Scope of proteins and site selectivity of the methionine bioconjugation methodology. The reaction conditions are the same as those shown in Table 1. See the Supporting Information for experimental details.

However, the ratio partly supports the hypothesis that the surface-exposed (M55) residue should be alkylated to a higher degree than the internal (M13l) amino acid. Similar selectivity was observed in the conjugation of recombinant human growth hormone (23). Three methionine residues on the protein—M14, M125, and M170—were labeled in a ratio of 11:2:3, with conjugation primarily occurring on the most surface-exposed M14 residue. Surprisingly, carbonic anhydrase (24), which contains no surface-exposed methionines, was conjugated with nearly complete conversion, with an M58:M221:M239 alkylation ratio of 6:1:15. Finally, we were also able to label ribonuclease A (25) with greater than 43% conversion.

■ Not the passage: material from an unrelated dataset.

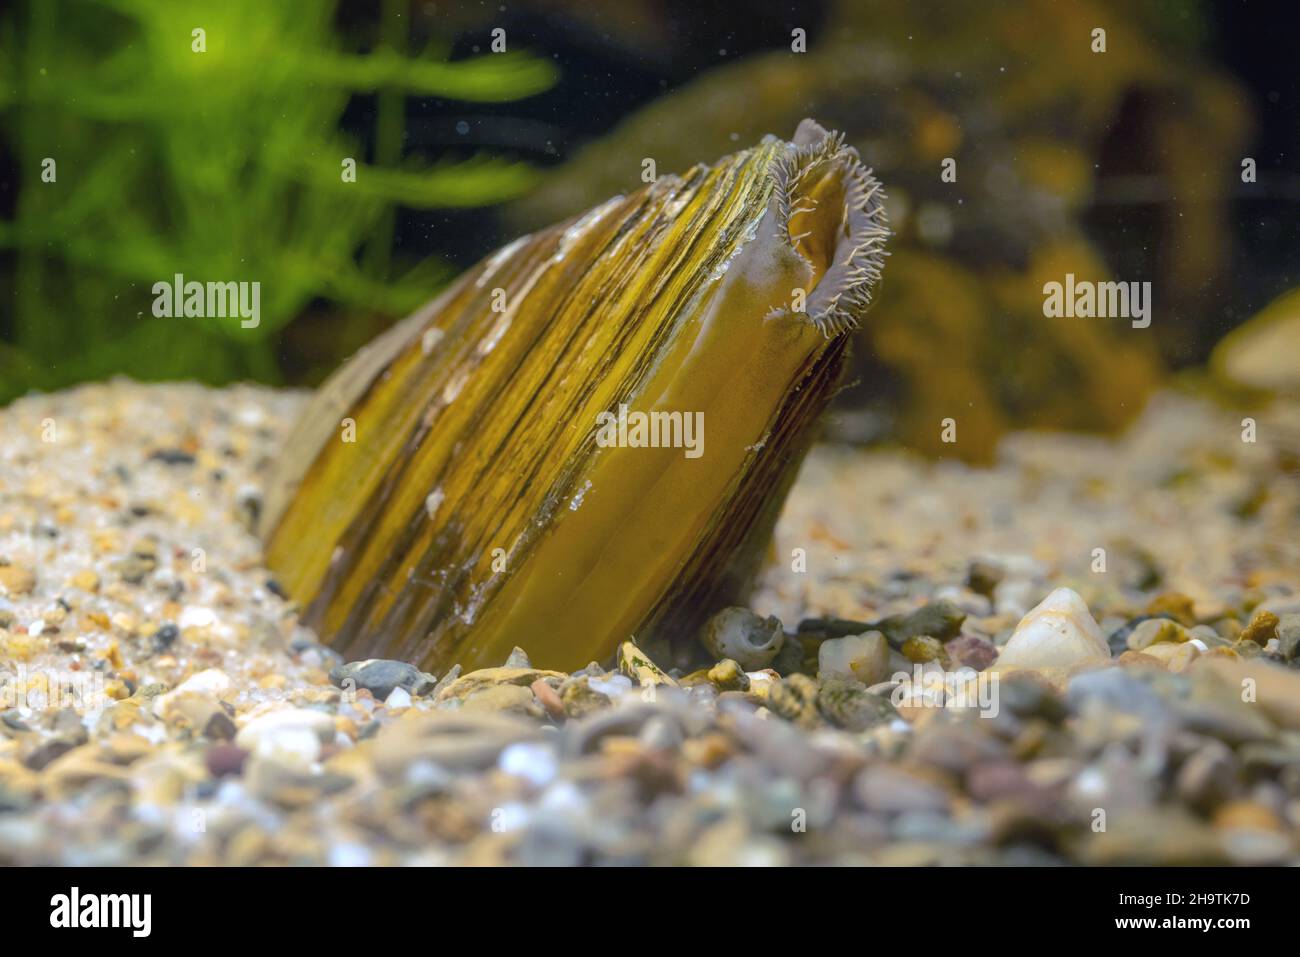 Common pond mussel, duck mussel (Anodonta anatina), partly buried with visible breathing syphon, Germany Stock Photo

We then set out to evaluate the photoredox bioconjugation in the context of a biological system to probe whether the protocol is capable of modifying proteins under mild conditions without altering the tertiary structure. Enhanced green fluorescent protein (EGFP) was selected as a model substrate for this study. As illustrated in Figure 4a, we aimed to install an alkyne functional group by conjugating Michael acceptor 17 to EGFP. The alkyne would then serve as a handle for further functionalization of the protein via copper-catalyzed alkyne–azide cycloaddition (CuAAC). In practice, exposure of 10 μM EGFP to the standard reaction conditions resulted in the formation of EGFP–alkyne conjugate 26 with 45% conversion. Because EGFP is known to lose its activity as a result of denaturation or photobleaching,²⁵ the fluorescence level of the product was measured to verify the integrity of protein function. Notably, we observed 95% retention of fluorescence relative to wild-type EGFP (Figure 4c).²⁶ EGFP–alkyne conjugate 26 readily underwent CuAAC, which served to install the target biological motifs. Both biotin azide 27 and nonaarginine azide 28 were successfully employed in this transformation, affording the corresponding EGFP–biotin and EGFP–(Arg)₉ adducts (Figure 4b). We confirmed the attachment of the biotin tag to EGFP by streptavidin immunohistological staining (Figure 4d, lane 3). To verify attachment of the nonaarginine tag, SJSA-1 cells were treated with EGFP–(Arg)₉ and visualized using confocal microscopy. Since the nonaarginine peptide facilitates delivery of cargo proteins into cells,²⁷ only EGFP–(Arg)₉ conjugate would be internalized (Figure 4e). As expected, no significant internalization was observed in the cells treated with unmodified EGFP or EGFP–alkyne conjugate 26. These results highlight the capacity of the photo catalytic bio conjugation method to enable rapid methionine-selective conjugation and delivery of biological payloads into cells.

Figure 4.

Functionalization of EGFP via the photoredox methionine bioconjugation protocol, (a) EGFP was initially labeled with 17, and then azides containing biological motifs were appended to the modified EGFP via CuAAC. (b) Azides bearing a biotin tag and a nonaarginine peptide, (c) After functionalization of EGFP via the photoredox methionine bioconjugation protocol, the product retained 95% of the fluorescence relative to wild-type EGFP (n = 3, mean ± SD). (d) Western blot images of wild type EGFP and modified EGFPs. (e) Confocal microscopy images of SJSA-1 cells treated with EGFP, EGFP–alkyne, and EGFP–(Arg)₉. Scale bars = 20 μm.